The 1977 SANFL Grand Final was an Australian rules football game contested between the Port Adelaide Football Club and the Glenelg Football Club, held at Football Park on Saturday 24 September 1977. It was the 79th annual Grand Final of the South Australian National Football League, staged to determine the premiers of the 1977 SANFL season. The match, attended by 56,717 spectators, was won by Port Adelaide by a margin of 8 points, marking that club's twenty-fourth premiership victory.

Background

Centenary of the SANFL 
In 1977 the SANFL celebrated its centenary, commemorating 100 years since the inaugural 1877 SAFA season. All SANFL clubs that year wore a patch commemorating the milestone.

Port Adelaide's premiership drought 
The 12-year period leading up to the 1977 SANFL Grand Final included six grand final losses for Port Adelaide, with four to Sturt and two to North Adelaide.

Teams

Teams listed in the Sunday Mail.

Scorecard

Physicality 
The 1977 Grand Final was a physical affair with Port Adelaide wingman Bruce Light reported for striking, Kym Kinnear was concussed by Graham Cornes and taken from the ground, and several other players sustaining injuries throughout the match. Twenty players were involved in a brawl at the half-time siren.

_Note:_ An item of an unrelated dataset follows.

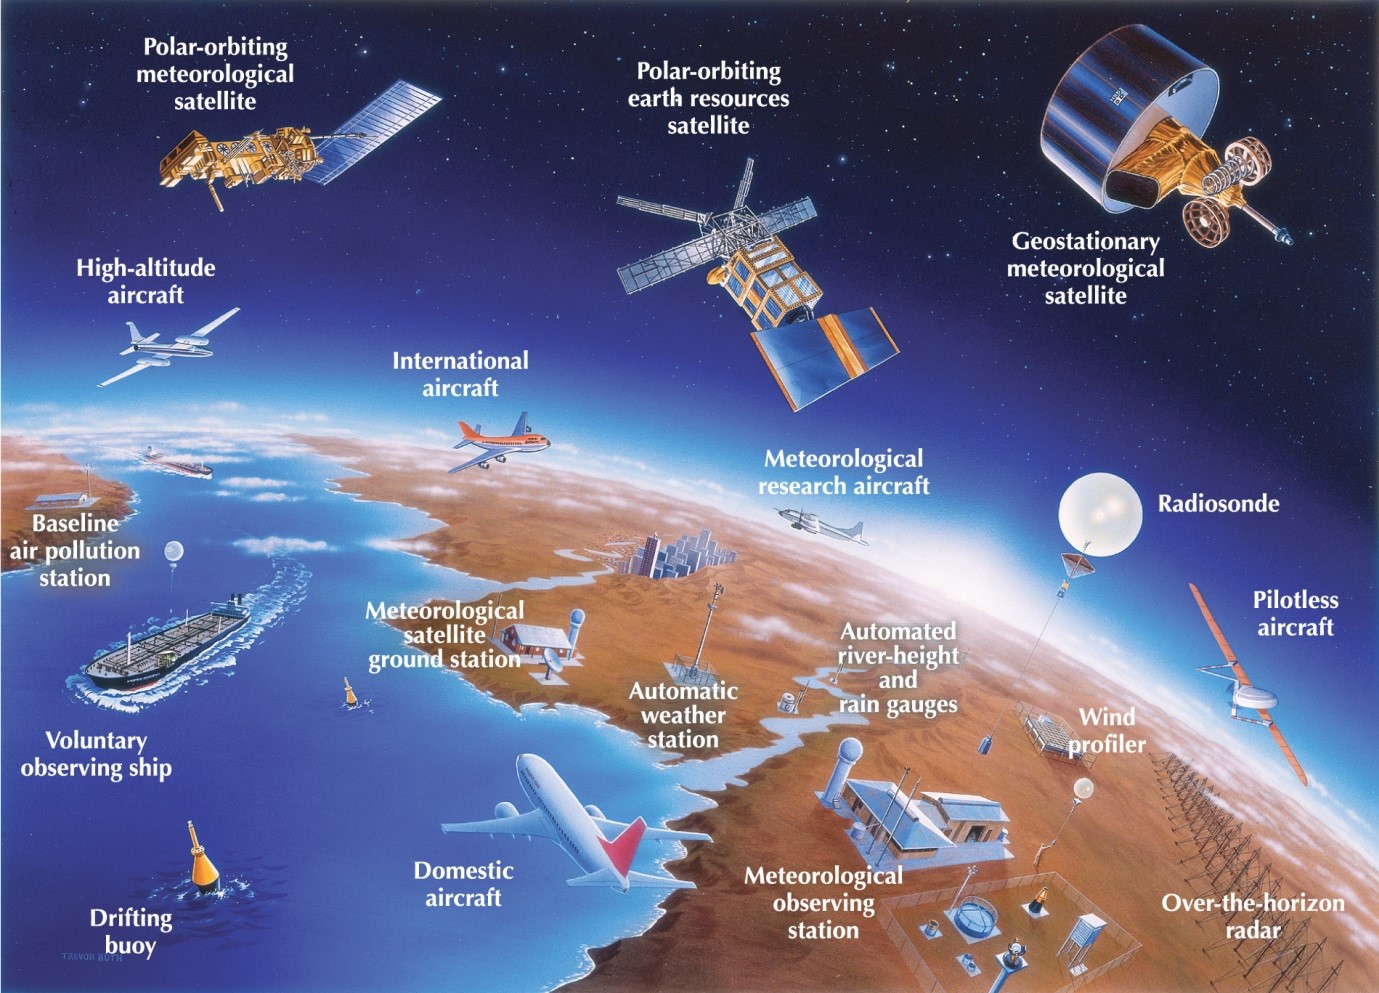 Diagram showing meteorological equipment recording observations from under the sea to in space.
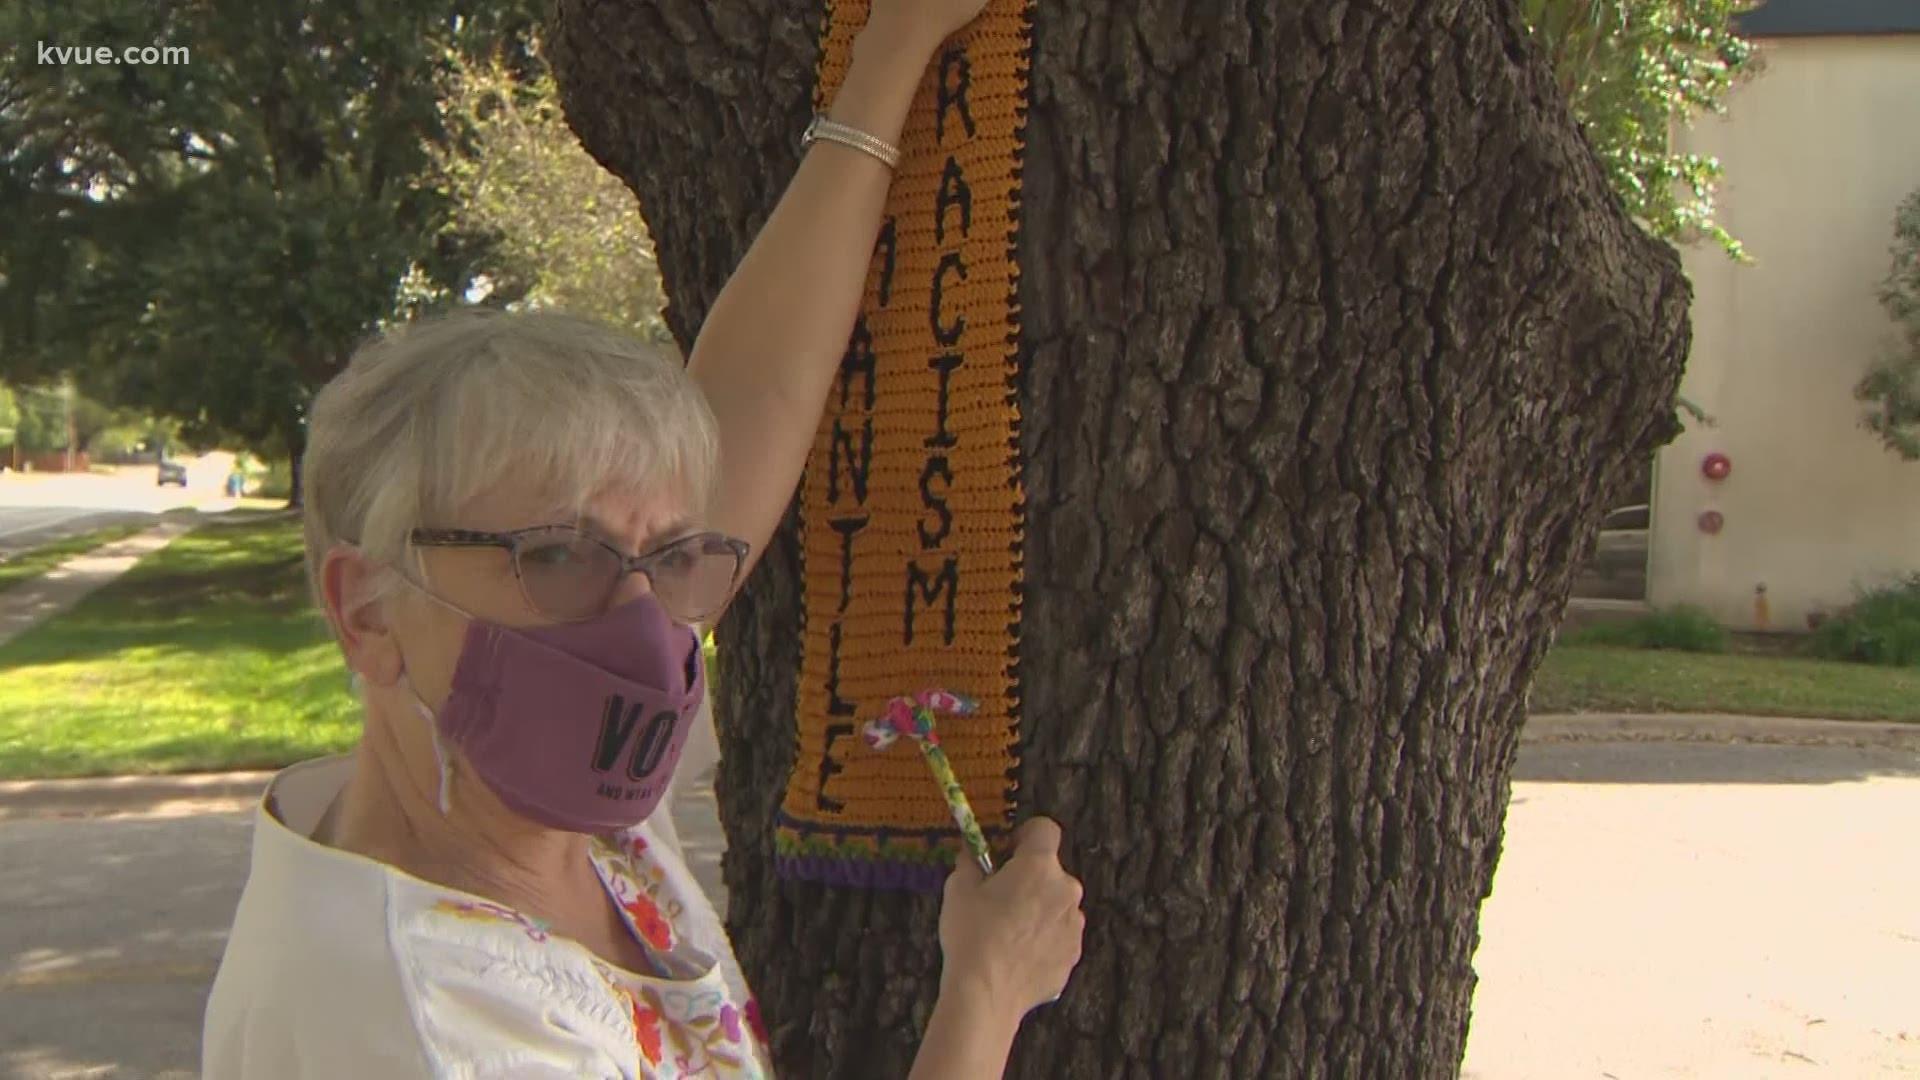 One Central Austin woman picked up her crochet hook and decided she wanted to help make a difference.

Twenty-four-year-old Randall Gerlach retired after the game after playing for two years with kidney problems.

End of 12-year Premiership Drought for Port Adelaide
The 1977 premiership marked the end of a 12-year period for Port Adelaide without winning a premiership (a long time by club standards).  The 1977 premiership was the first of four premierships in five years for Port Adelaide, with premierships in 1979, 1980 and 1981. Port Adelaide supporters voted the 1977 SANFL Grand Final as the fourth-greatest moment of the club's history at Football Park in August 2013.

2007 AFL Heritage Round 
In the 2007 AFL Heritage Round, Port Adelaide wore a replica of their 1977 jumper.  Playing in the Port Adelaide team were Brett Ebert, son of Russell Ebert; and Chad and Kane Cornes, sons of Graham Cornes.